====== Supplied material
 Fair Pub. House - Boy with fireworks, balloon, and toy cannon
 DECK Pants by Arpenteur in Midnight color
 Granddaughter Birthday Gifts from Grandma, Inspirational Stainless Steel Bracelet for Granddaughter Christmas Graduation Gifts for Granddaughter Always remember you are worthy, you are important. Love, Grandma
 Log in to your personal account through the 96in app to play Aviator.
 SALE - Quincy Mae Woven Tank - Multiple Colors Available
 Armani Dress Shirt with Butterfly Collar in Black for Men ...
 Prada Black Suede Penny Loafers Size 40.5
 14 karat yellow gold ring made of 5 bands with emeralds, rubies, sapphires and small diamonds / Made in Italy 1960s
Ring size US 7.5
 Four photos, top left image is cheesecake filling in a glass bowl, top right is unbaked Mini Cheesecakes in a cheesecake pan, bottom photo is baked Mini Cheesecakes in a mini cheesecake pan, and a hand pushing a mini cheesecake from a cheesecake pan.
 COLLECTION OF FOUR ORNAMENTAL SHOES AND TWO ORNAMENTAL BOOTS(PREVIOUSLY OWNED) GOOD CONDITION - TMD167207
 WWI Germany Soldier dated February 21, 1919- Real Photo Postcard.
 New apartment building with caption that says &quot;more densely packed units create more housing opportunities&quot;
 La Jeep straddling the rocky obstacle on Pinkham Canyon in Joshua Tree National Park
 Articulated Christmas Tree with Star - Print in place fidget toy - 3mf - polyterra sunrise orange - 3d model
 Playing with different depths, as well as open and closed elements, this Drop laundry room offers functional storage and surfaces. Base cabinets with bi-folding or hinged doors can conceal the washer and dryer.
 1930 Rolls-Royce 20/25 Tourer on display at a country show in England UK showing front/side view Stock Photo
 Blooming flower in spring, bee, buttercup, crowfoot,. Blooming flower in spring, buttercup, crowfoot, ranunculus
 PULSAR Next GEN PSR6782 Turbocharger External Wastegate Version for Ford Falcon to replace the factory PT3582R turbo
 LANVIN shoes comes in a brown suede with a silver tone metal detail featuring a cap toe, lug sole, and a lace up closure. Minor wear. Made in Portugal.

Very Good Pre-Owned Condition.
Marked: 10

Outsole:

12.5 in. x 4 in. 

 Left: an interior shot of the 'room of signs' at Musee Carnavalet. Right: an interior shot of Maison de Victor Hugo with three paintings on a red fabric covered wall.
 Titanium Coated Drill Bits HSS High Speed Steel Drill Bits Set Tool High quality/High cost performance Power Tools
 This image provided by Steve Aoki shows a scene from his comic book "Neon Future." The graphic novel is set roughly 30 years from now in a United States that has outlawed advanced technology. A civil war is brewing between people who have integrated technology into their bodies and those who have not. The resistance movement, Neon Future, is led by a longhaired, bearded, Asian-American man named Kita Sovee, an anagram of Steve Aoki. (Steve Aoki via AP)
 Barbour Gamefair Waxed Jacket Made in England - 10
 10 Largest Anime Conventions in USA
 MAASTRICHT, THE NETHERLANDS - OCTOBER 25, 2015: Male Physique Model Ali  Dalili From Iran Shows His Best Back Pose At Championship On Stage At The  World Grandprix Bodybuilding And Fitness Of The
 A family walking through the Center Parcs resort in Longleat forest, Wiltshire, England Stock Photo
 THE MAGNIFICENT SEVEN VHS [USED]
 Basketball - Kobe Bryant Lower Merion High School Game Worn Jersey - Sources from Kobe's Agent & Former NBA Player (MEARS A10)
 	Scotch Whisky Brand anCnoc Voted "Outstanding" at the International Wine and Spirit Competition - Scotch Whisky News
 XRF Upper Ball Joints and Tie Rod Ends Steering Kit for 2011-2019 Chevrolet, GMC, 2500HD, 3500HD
============
**Exercise requirements**: Return the whole listing, word for word.

**Task solution**:
 Fair Pub. House - Boy with fireworks, balloon, and toy cannon
 DECK Pants by Arpenteur in Midnight color
 Granddaughter Birthday Gifts from Grandma, Inspirational Stainless Steel Bracelet for Granddaughter Christmas Graduation Gifts for Granddaughter Always remember you are worthy, you are important. Love, Grandma
 Log in to your personal account through the 96in app to play Aviator.
 SALE - Quincy Mae Woven Tank - Multiple Colors Available
 Armani Dress Shirt with Butterfly Collar in Black for Men ...
 Prada Black Suede Penny Loafers Size 40.5
 14 karat yellow gold ring made of 5 bands with emeralds, rubies, sapphires and small diamonds / Made in Italy 1960s
Ring size US 7.5
 Four photos, top left image is cheesecake filling in a glass bowl, top right is unbaked Mini Cheesecakes in a cheesecake pan, bottom photo is baked Mini Cheesecakes in a mini cheesecake pan, and a hand pushing a mini cheesecake from a cheesecake pan.
 COLLECTION OF FOUR ORNAMENTAL SHOES AND TWO ORNAMENTAL BOOTS(PREVIOUSLY OWNED) GOOD CONDITION - TMD167207
 WWI Germany Soldier dated February 21, 1919- Real Photo Postcard.
 New apartment building with caption that says &quot;more densely packed units create more housing opportunities&quot;
 La Jeep straddling the rocky obstacle on Pinkham Canyon in Joshua Tree National Park
 Articulated Christmas Tree with Star - Print in place fidget toy - 3mf - polyterra sunrise orange - 3d model
 Playing with different depths, as well as open and closed elements, this Drop laundry room offers functional storage and surfaces. Base cabinets with bi-folding or hinged doors can conceal the washer and dryer.
 1930 Rolls-Royce 20/25 Tourer on display at a country show in England UK showing front/side view Stock Photo
 Blooming flower in spring, bee, buttercup, crowfoot,. Blooming flower in spring, buttercup, crowfoot, ranunculus
 PULSAR Next GEN PSR6782 Turbocharger External Wastegate Version for Ford Falcon to replace the factory PT3582R turbo
 LANVIN shoes comes in a brown suede with a silver tone metal detail featuring a cap toe, lug sole, and a lace up closure. Minor wear. Made in Portugal.

Very Good Pre-Owned Condition.
Marked: 10

Outsole:

12.5 in. x 4 in. 

 Left: an interior shot of the 'room of signs' at Musee Carnavalet. Right: an interior shot of Maison de Victor Hugo with three paintings on a red fabric covered wall.
 Titanium Coated Drill Bits HSS High Speed Steel Drill Bits Set Tool High quality/High cost performance Power Tools
 This image provided by Steve Aoki shows a scene from his comic book "Neon Future." The graphic novel is set roughly 30 years from now in a United States that has outlawed advanced technology. A civil war is brewing between people who have integrated technology into their bodies and those who have not. The resistance movement, Neon Future, is led by a longhaired, bearded, Asian-American man named Kita Sovee, an anagram of Steve Aoki. (Steve Aoki via AP)
 Barbour Gamefair Waxed Jacket Made in England - 10
 10 Largest Anime Conventions in USA
 MAASTRICHT, THE NETHERLANDS - OCTOBER 25, 2015: Male Physique Model Ali  Dalili From Iran Shows His Best Back Pose At Championship On Stage At The  World Grandprix Bodybuilding And Fitness Of The
 A family walking through the Center Parcs resort in Longleat forest, Wiltshire, England Stock Photo
 THE MAGNIFICENT SEVEN VHS [USED]
 Basketball - Kobe Bryant Lower Merion High School Game Worn Jersey - Sources from Kobe's Agent & Former NBA Player (MEARS A10)
 	Scotch Whisky Brand anCnoc Voted "Outstanding" at the International Wine and Spirit Competition - Scotch Whisky News
 XRF Upper Ball Joints and Tie Rod Ends Steering Kit for 2011-2019 Chevrolet, GMC, 2500HD, 3500HD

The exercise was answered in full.